Aleksandr stepped back from the crowd, letting the people become a seething mass of dark-colored coats that shivered and peered as one. The wind began to pick up, its icy fingers drumming against his spine and taking liberties with his pants. Dead leaves, the color of rust and flint, whipped along the ground. In the street skittered programs commemorating Brezhnev, his gloomy face gazing sternly from underneath his single monstrous eyebrow. Delicate plumes of snow materialized from nowhere and cast themselves through the air.
Aleksandr took out the papers. He waited. He could still hear the tinny clanging of the band, the thick thudding of feet stamping in unison against the cobblestones. The wind seized upon him with the aggression of a vengeful arctic ghost, and he felt himself let the papers fly. They whirled outward in four directions, spinning through the air like weather. They were beautiful as they caught on the wind—they looked like white long-winged birds, maybe, or shivering bridal veils. He knew that soon they would come back to earth to be muddied and ripped, tramped underfoot by men in heavy boots. But maybe a few people would be curious enough to pick them up.
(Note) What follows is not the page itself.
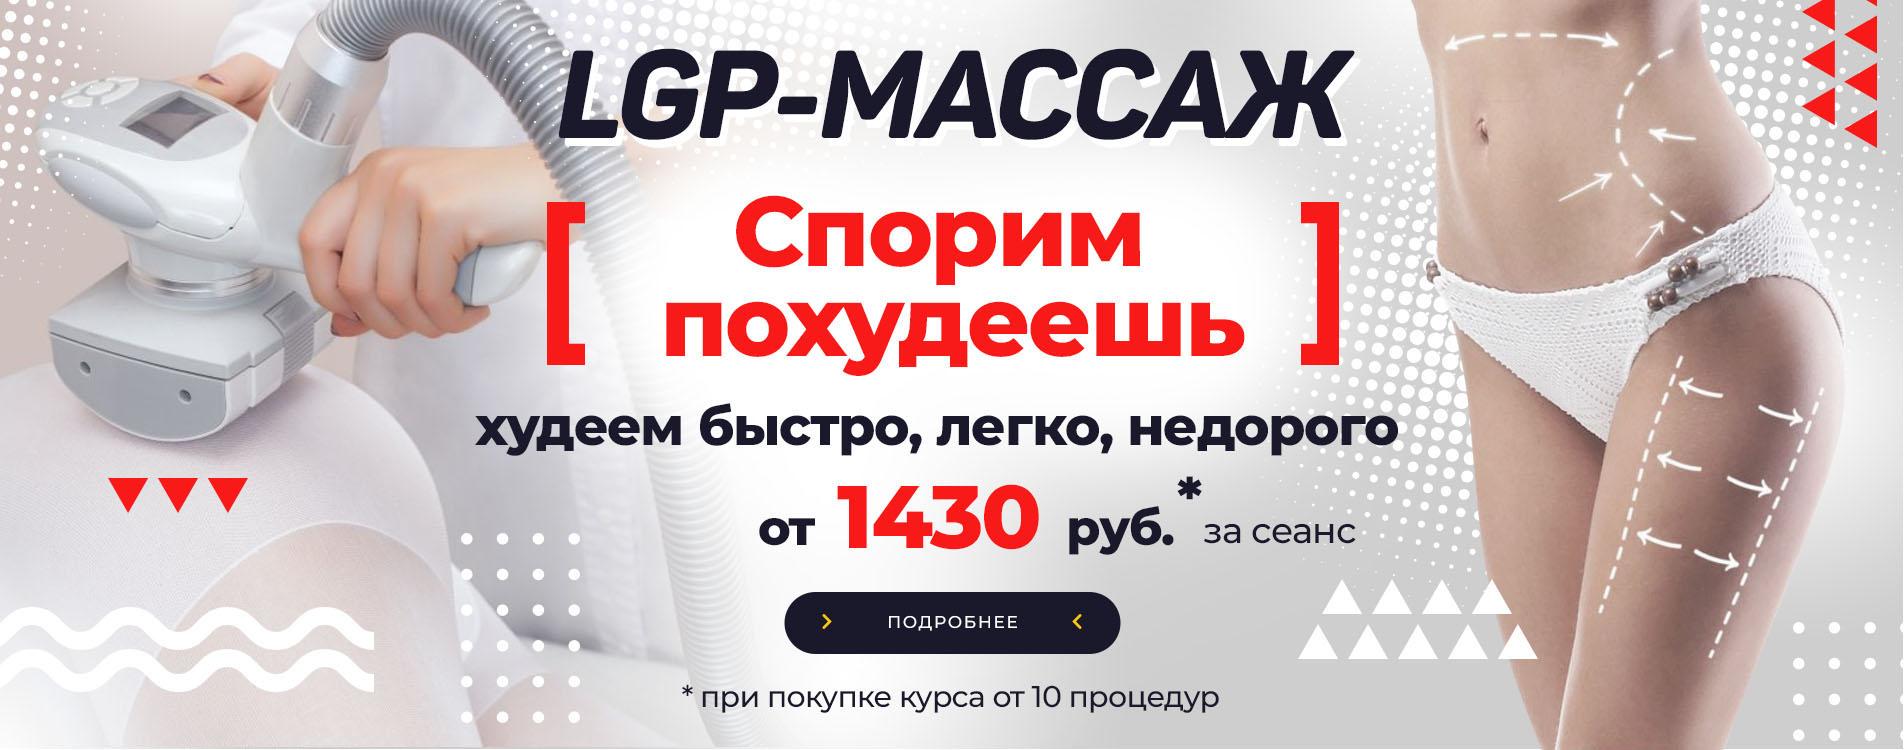 salon-massazha-novogireevo

He turned quickly to go, his two coats billowing out behind him and his lungs overwhelmed by the influx of air. It was descending into the particular kind of cold that belongs to a Russian late afternoon: the kind of cold that threatens, that intimidates, because it is going to get so much worse. And, at some distance, leaning against a streetlamp, was Nikolai.
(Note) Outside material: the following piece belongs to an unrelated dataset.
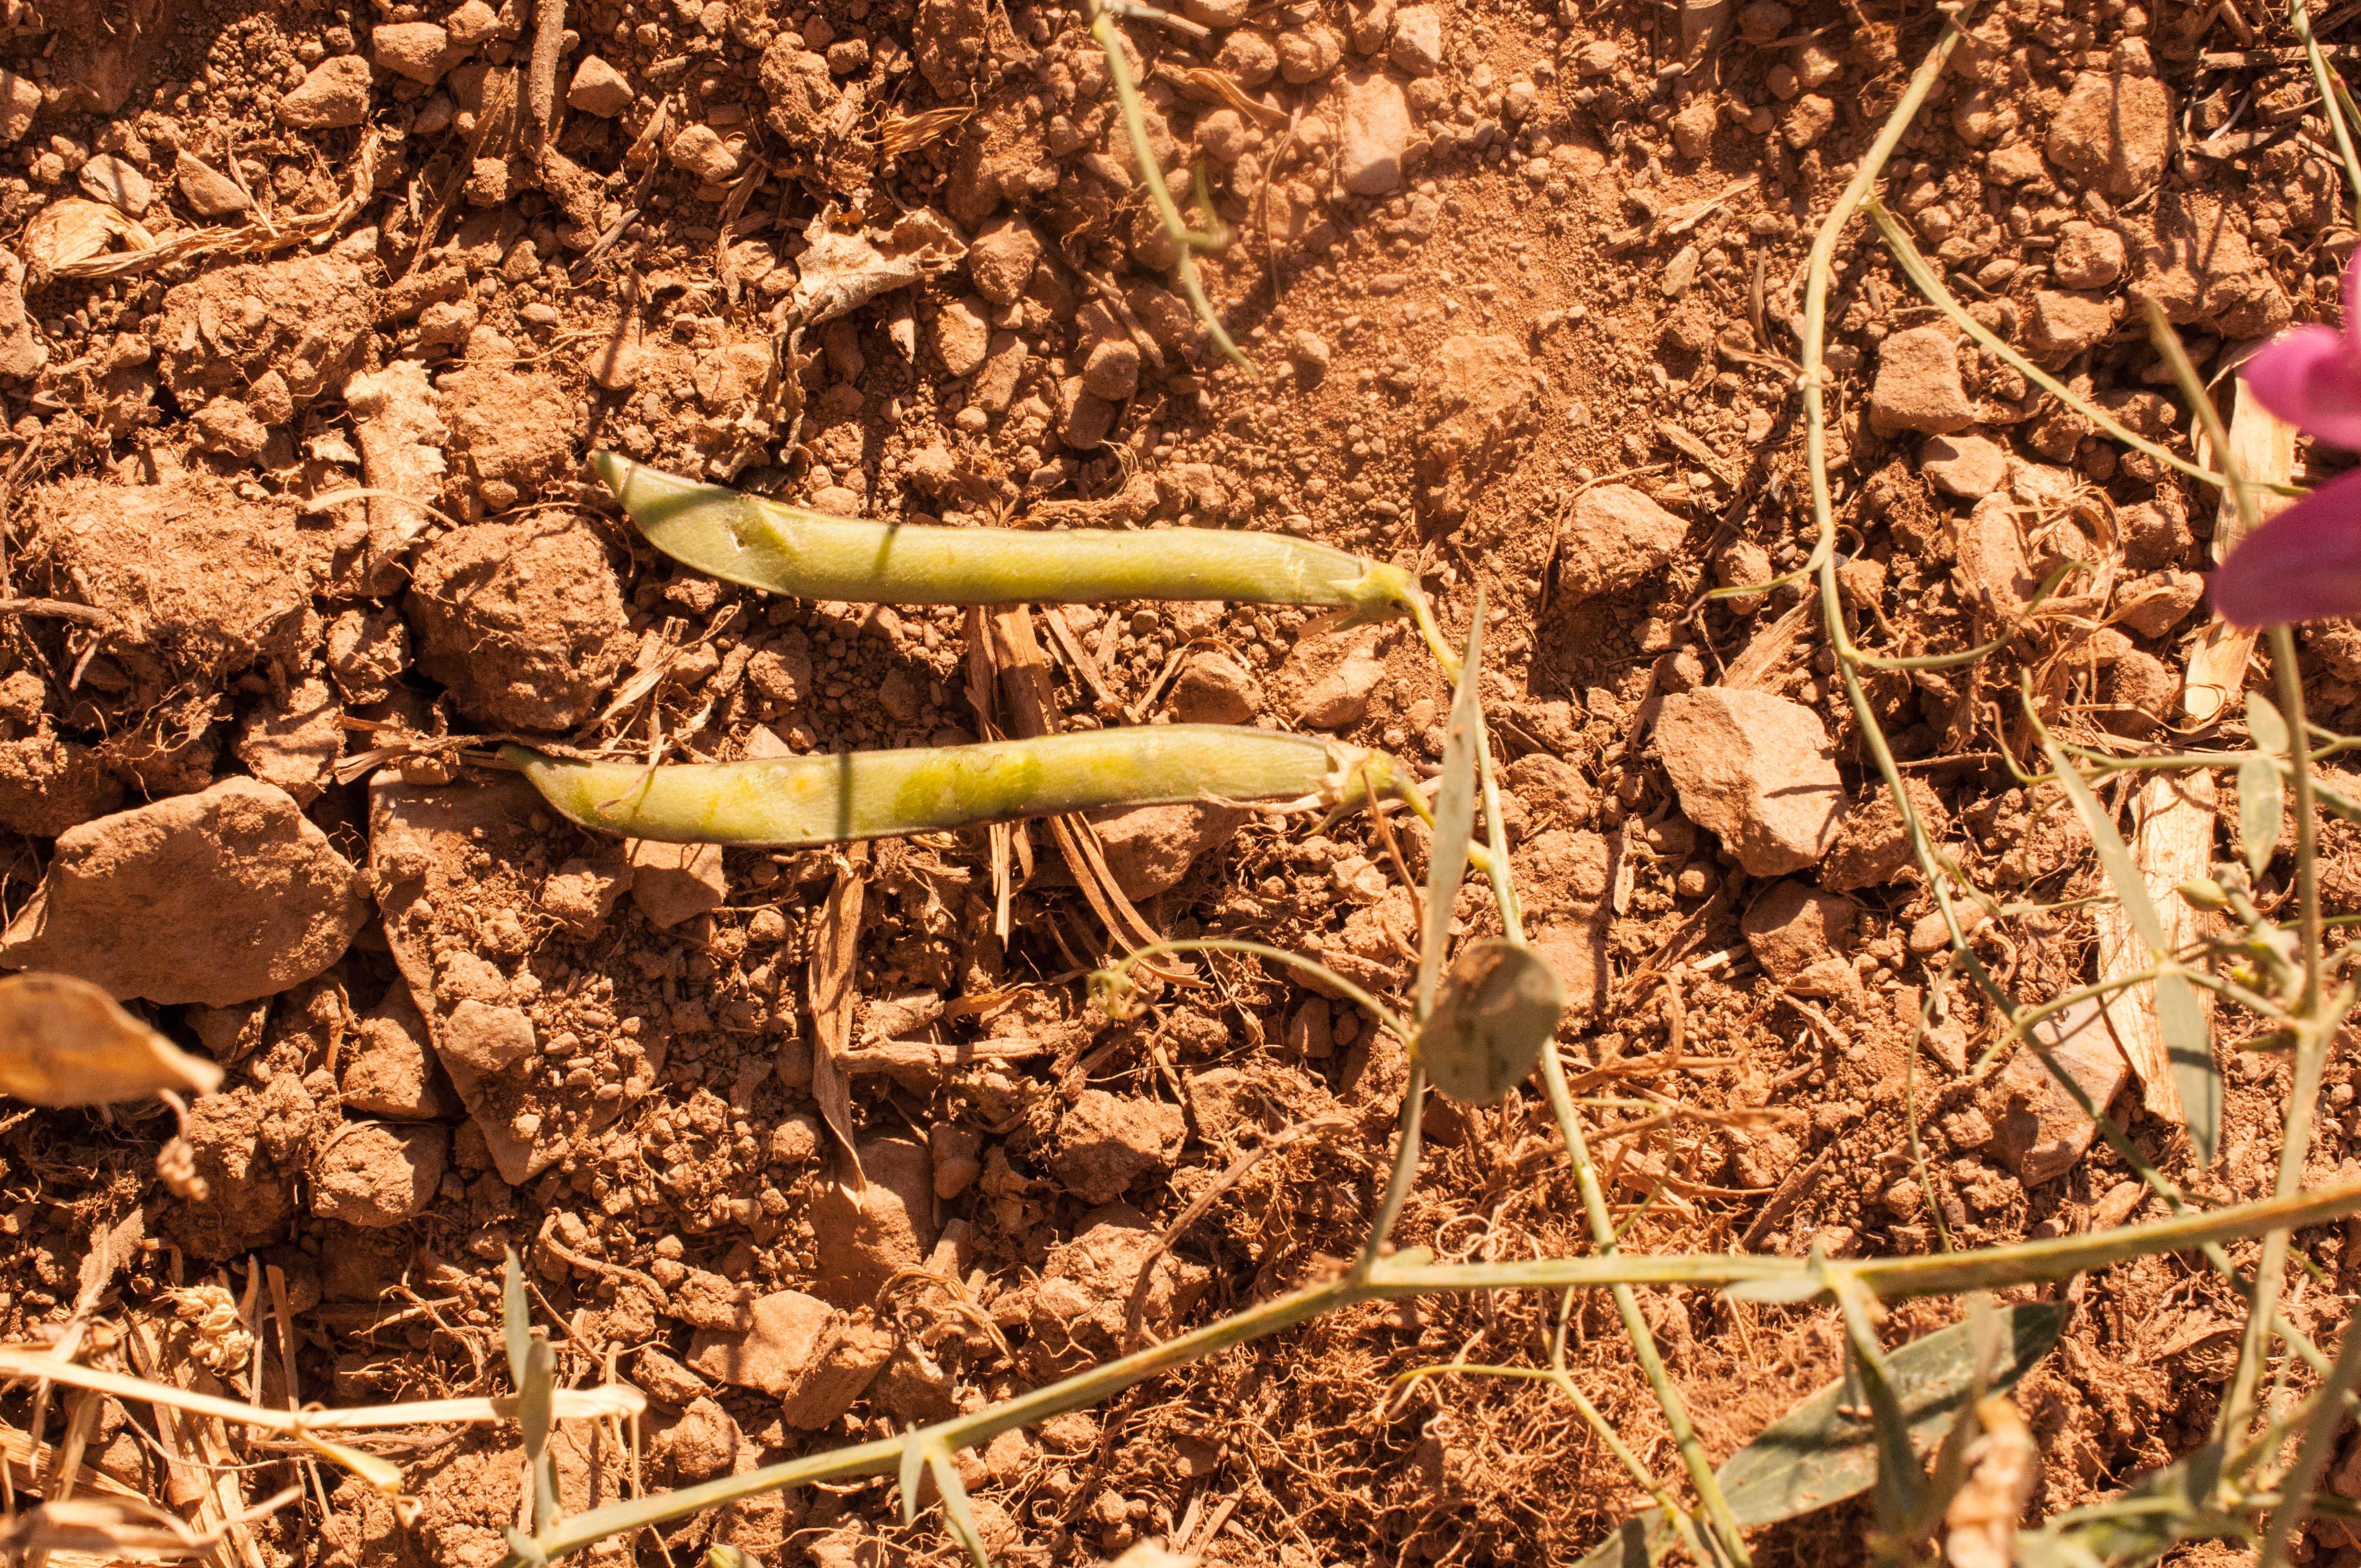 Lathyrus latifolius Las Obreras de Aliste

Bits of snow were catching on sideways drafts to make eddies in the air. They were turning Nikolai’s hair white, Aleksandr would always remember, as though he were witnessing some supernatural shock. He was looking at Aleksandr. Aleksandr was almost sure of it. He stood looking until the watching people started to disperse, propelled by the harsh pings of the national anthem, and he was engulfed by the thickening snow and the gathering crowds.
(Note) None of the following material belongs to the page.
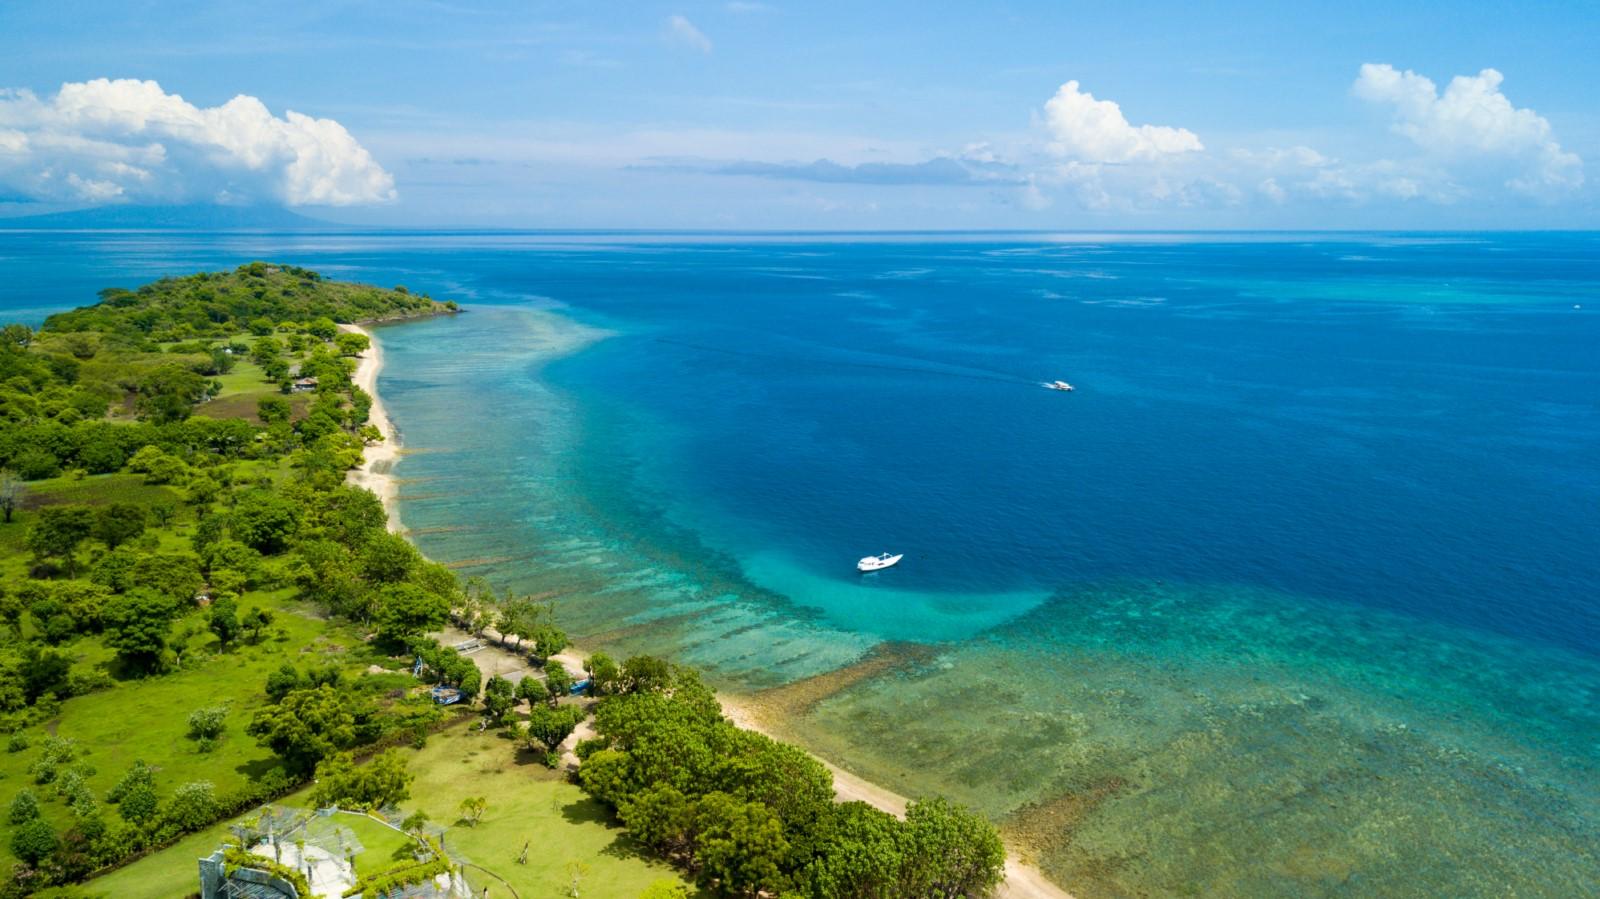 Snorkelling Menjangan Island

Aleksandr didn’t find Nikolai again. But once he went looking, he started seeing him everywhere.
10
IRINA
St. Petersburg, 2006
And then the summer was over, and I did not know where it had gone. There were listless courses around the city, respectful and silent visits to the chilly long-abandoned houses of great writers, voracious reading of the chronically postponed Russian classics. I wrote scraps of pointless poems on the backs of napkins. I developed a taste for tea. I practiced making Russian statements about what had happened in the past, about what would happen in the future, about what might happen and what should happen. I learned to properly decline my nouns. Around me, the leaves paled and fell, leaving stark black branches that forked against the snow. It grew cold, a kind of cold that made me understand that I’d never understood cold before this—certainly not in those shallow Boston winters, mitigated by the churning Atlantic, uncomfortably brusque but leaving you with just enough composure to walk upright, to look around, to admire the way the seagulls seemed to shiver and how the tufts of snow on all the trees made the city beautiful and ornate.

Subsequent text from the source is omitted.